У старика неожиданно вытянулось лицо, какое‑то время он не сводил с председателя своего взгляда, все ещё ждал. Потом вдруг понял всю тщетность надежды, стал пятиться задом, сошел со ступеньки на землю, помог сойти девочке, повернулся и отяжелевшими шагами подошел к калитке. Хотел открыть её, но только успел схватиться за нее руками, чтобы не упасть. Частокол дрогнул, и долго вместе с ним дрожали плечи у старого эвенка.

Сакарды стояла рядом, лицом к нам; и было непростительно стыдно перед ней, ещё не понимающей, почему порой люди делают друг другу так больно.

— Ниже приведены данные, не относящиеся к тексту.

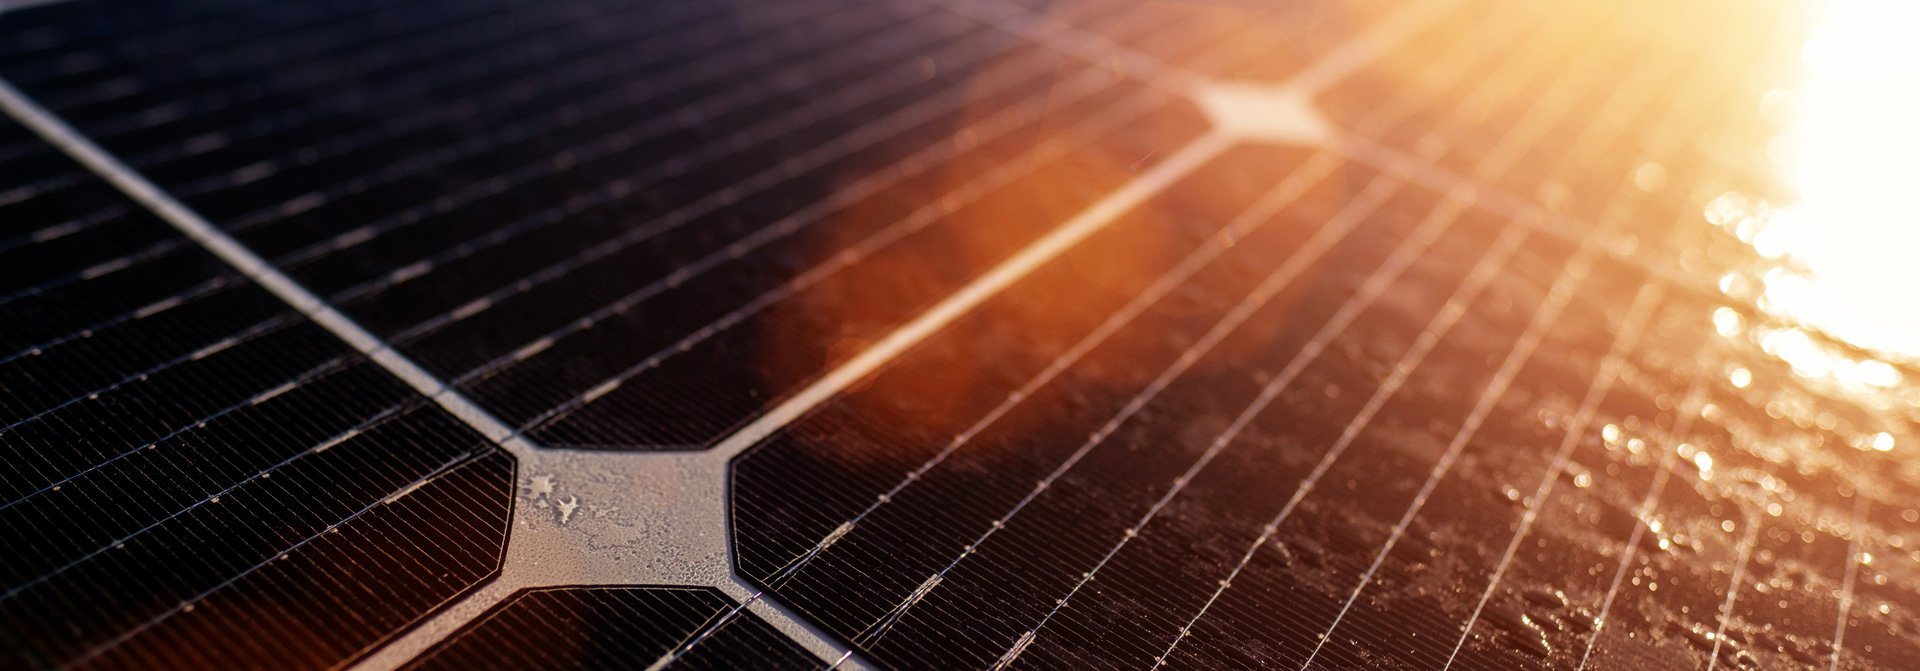 Solarzelle wird von Sonne bestrahlt

–Не могу... Не могу...– как бы оправдываясь перед её детским взглядом, бешено протестовал Айсан.– Постановление есть постановление.

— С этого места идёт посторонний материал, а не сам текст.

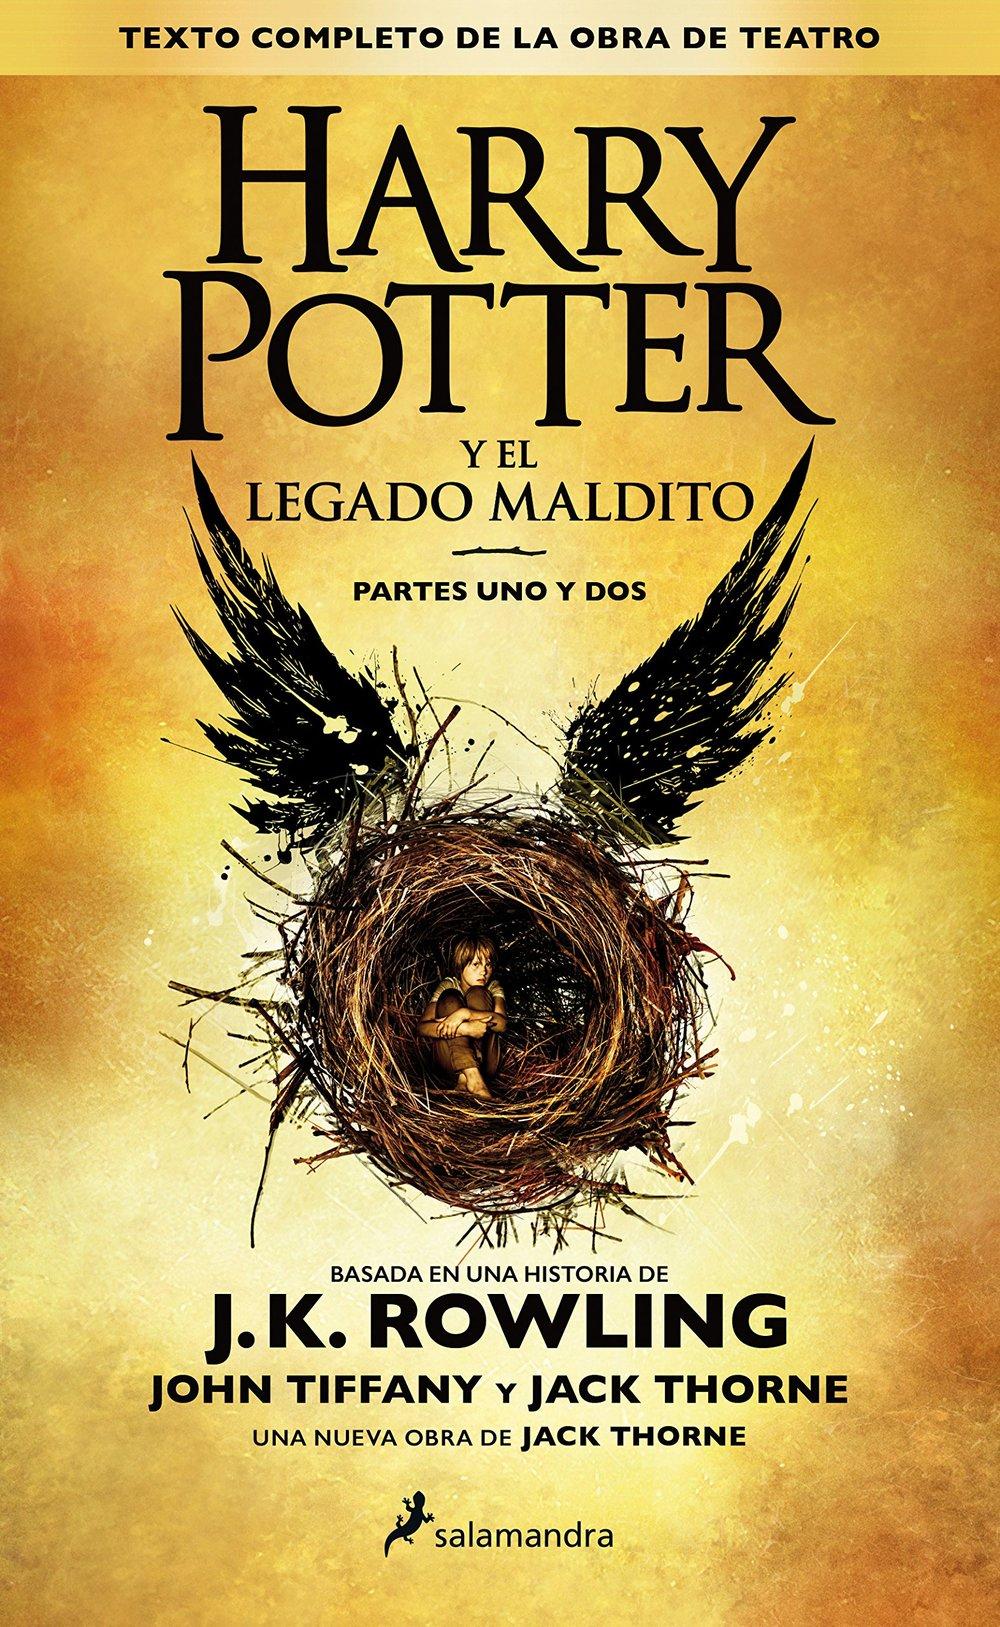 Harry Potter y el Legado Maldito.jpg

–Уж уважьте старика, случай‑то какой! – заговорил, еле сдерживая себя, Плоткин.– Не можете разрешить отрезать кусок рога, подарите ему всего оленя. А уж он сам распорядится, как нужно, и в долгу не останется. Так и постановление не будет нарушено, и не оскорбите человеческих чувств.

Куйки продолжал стоять, прислонившись к частоколу. Мимо бежали женщины, что‑то кричали по‑эвенкийски. И какая‑то тренога, тяжелая, неодолимая, нависла над поселком.

Председатель медлил, ёрзал на табуретке, глотал слюну и с трудом выдавил из себя:

–Сакарды, скажи ему, пусть отрежет...

Девочка глядела на него удивленными глазами, точно не понимая, о чем говорит председатель. Теперь и старик повернулся к нам. Лицо его по‑прежнему спокойно, даже холодно. Впалые глаза полны горечи. Откинув назад руки, он держался ими за частокол, вытянувшийся, худой и как будто вдруг постаревший. Сакарды стояла рядом молча. Потом вдруг заговорила сердито:

– Не надо... Слышал, люди сказали: Уля уже умерла. Стало тихо. Ни одного живого звука, точно все люди ожидали, пока душа умершей не покинет грешную землю.

Старик ничего не сказал, даже не упрекнул председателя. Все принял, как должное.

Сакарды открыла калитку, взяла его за руку, вывела за частокол, и где‑то в улочке стихли их торопливые шаги.

Догорал закат, не осталось на лиственницах алых пятен, таяли контуры изб. Сумрак накрывал поселок эвенков. У обрыва играла загорелая детвора в добрых и злых духов.

На столе так и остались рюмки с водкой, отварная картошка и зелёный, пахнущий свежей землей лук.

Айсан, скрестив на груди руки и облокотившись на край стола, смотрел мимо меня на старые берестяные чумы, уходящие в тревожную ночь.

И вдруг сквозь густой вечерний сумрак донесся долгий плач.

–А я ведь, видит бог, как лучше им хочу! – сказал председатель, опорожняя рюмку.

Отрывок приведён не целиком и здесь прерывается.